• _SOURCE DATA_
***

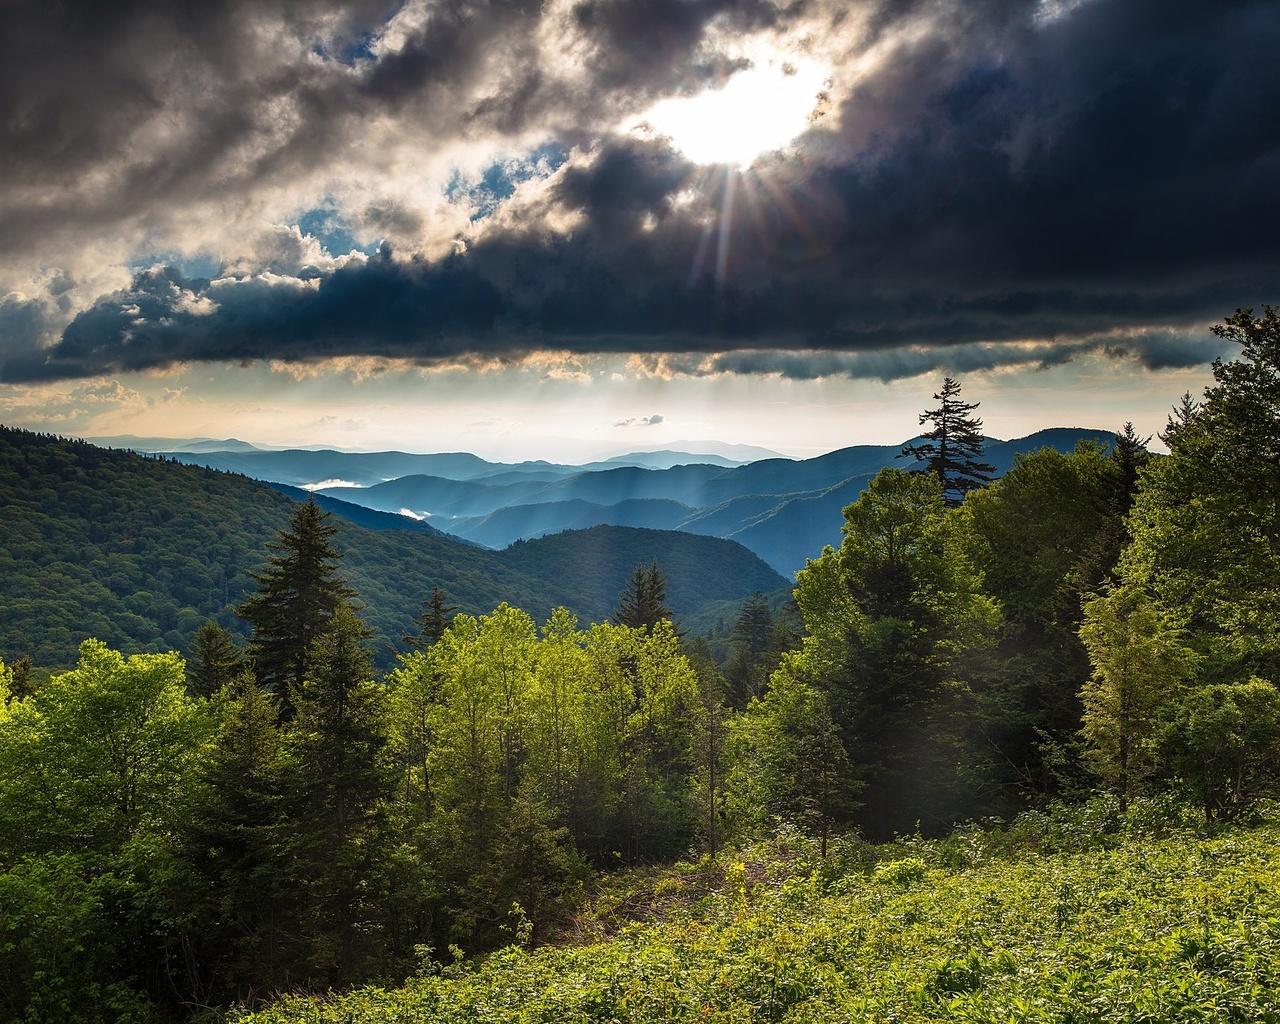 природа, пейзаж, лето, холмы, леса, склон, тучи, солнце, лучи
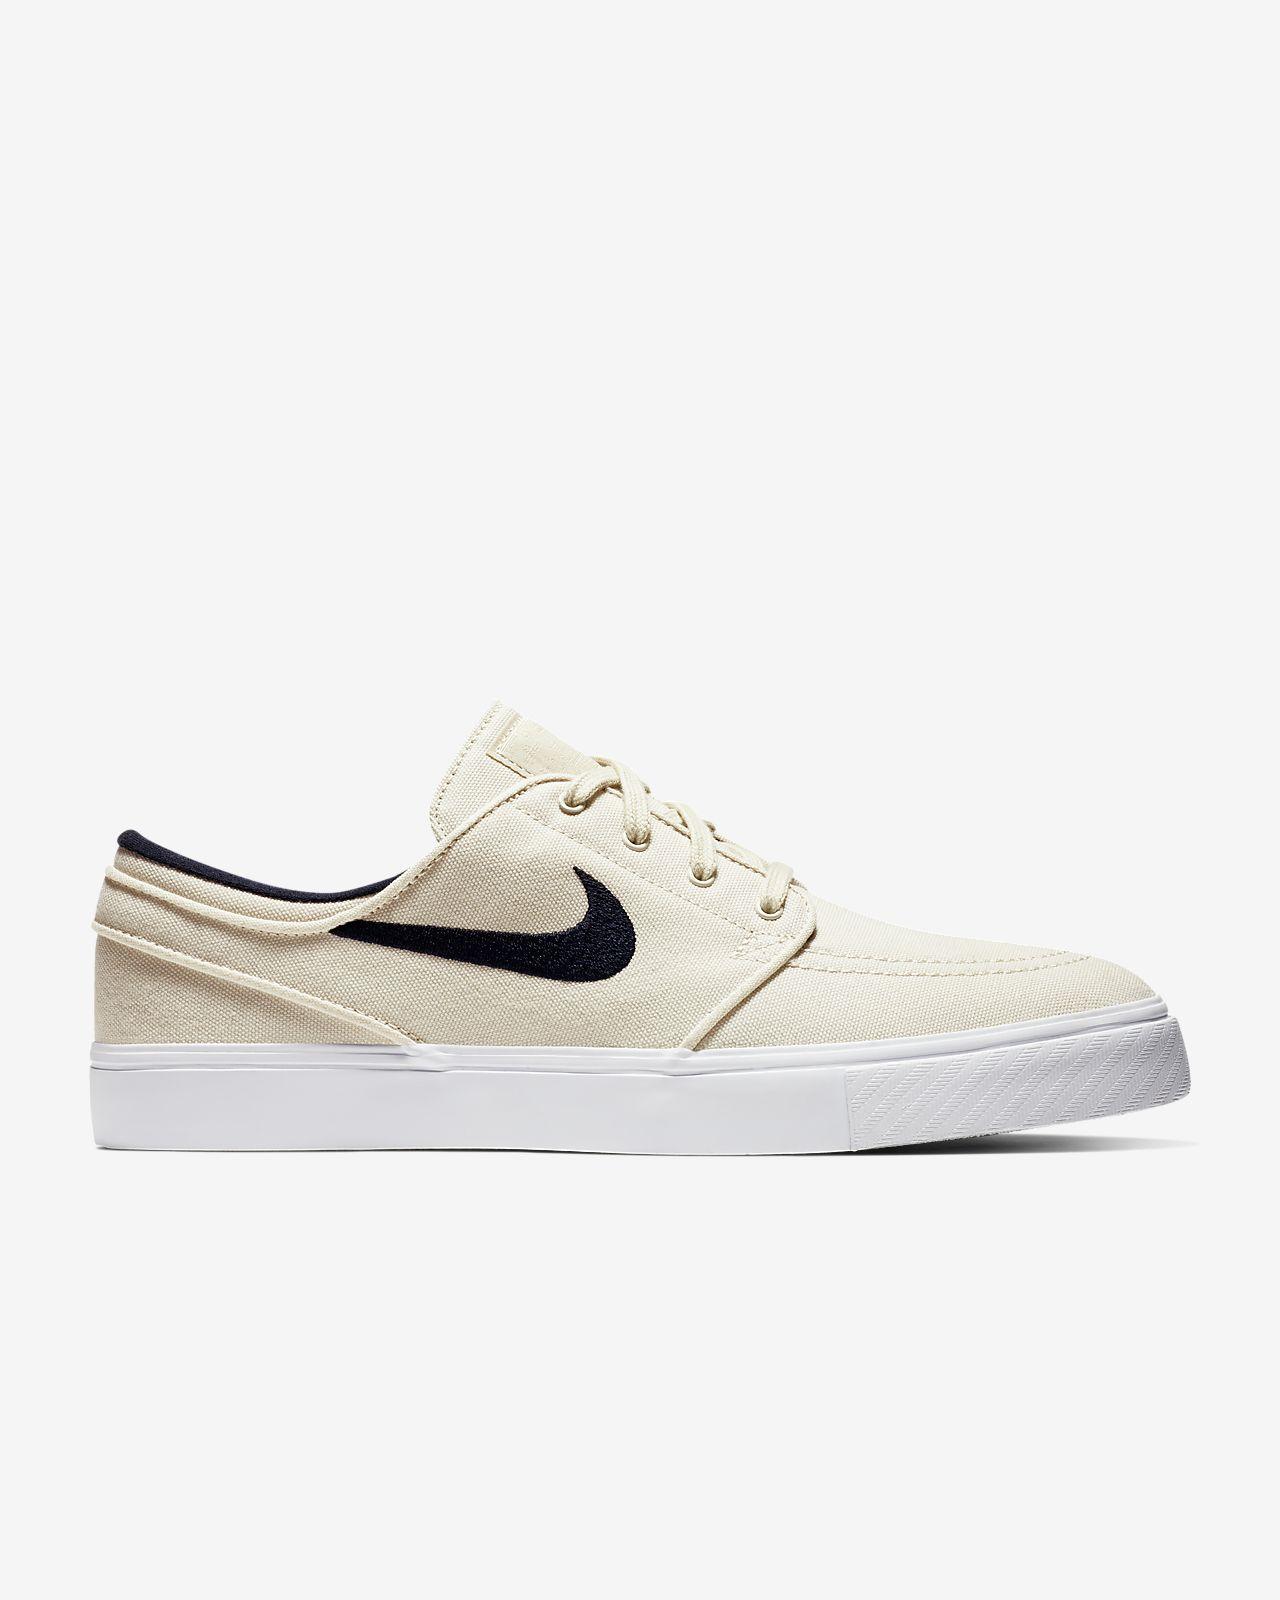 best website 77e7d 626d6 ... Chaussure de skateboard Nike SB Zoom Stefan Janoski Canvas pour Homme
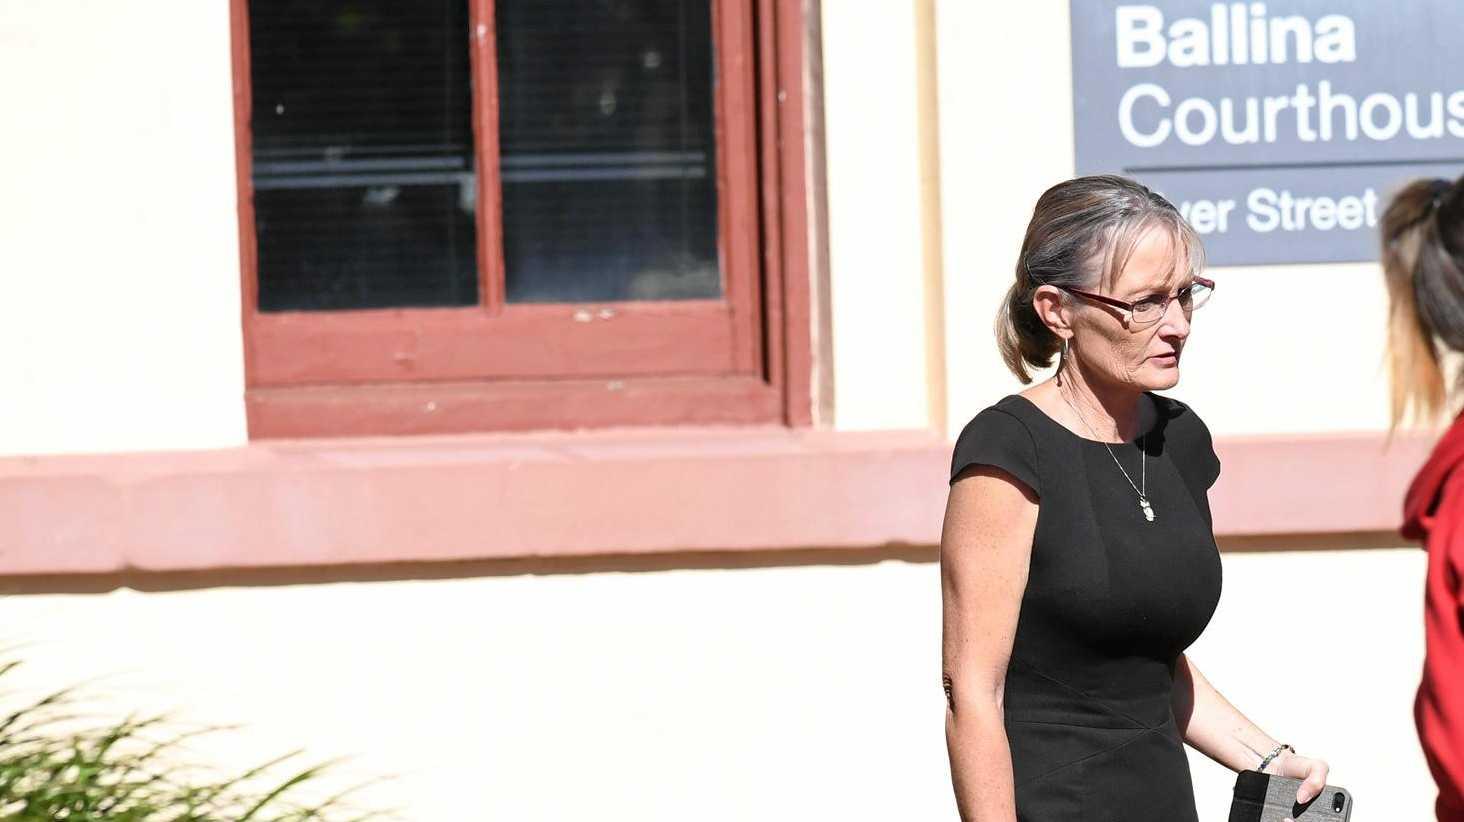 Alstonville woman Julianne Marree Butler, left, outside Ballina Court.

***

• _TASK TO CARRY OUT_
Repeat the listing above in full, exactly, and omit its pictures.

• _PROBLEM SOLUTION_
 природа, пейзаж, лето, холмы, леса, склон, тучи, солнце, лучи
 best website 77e7d 626d6 ... Chaussure de skateboard Nike SB Zoom Stefan Janoski Canvas pour Homme
 Alstonville woman Julianne Marree Butler, left, outside Ballina Court.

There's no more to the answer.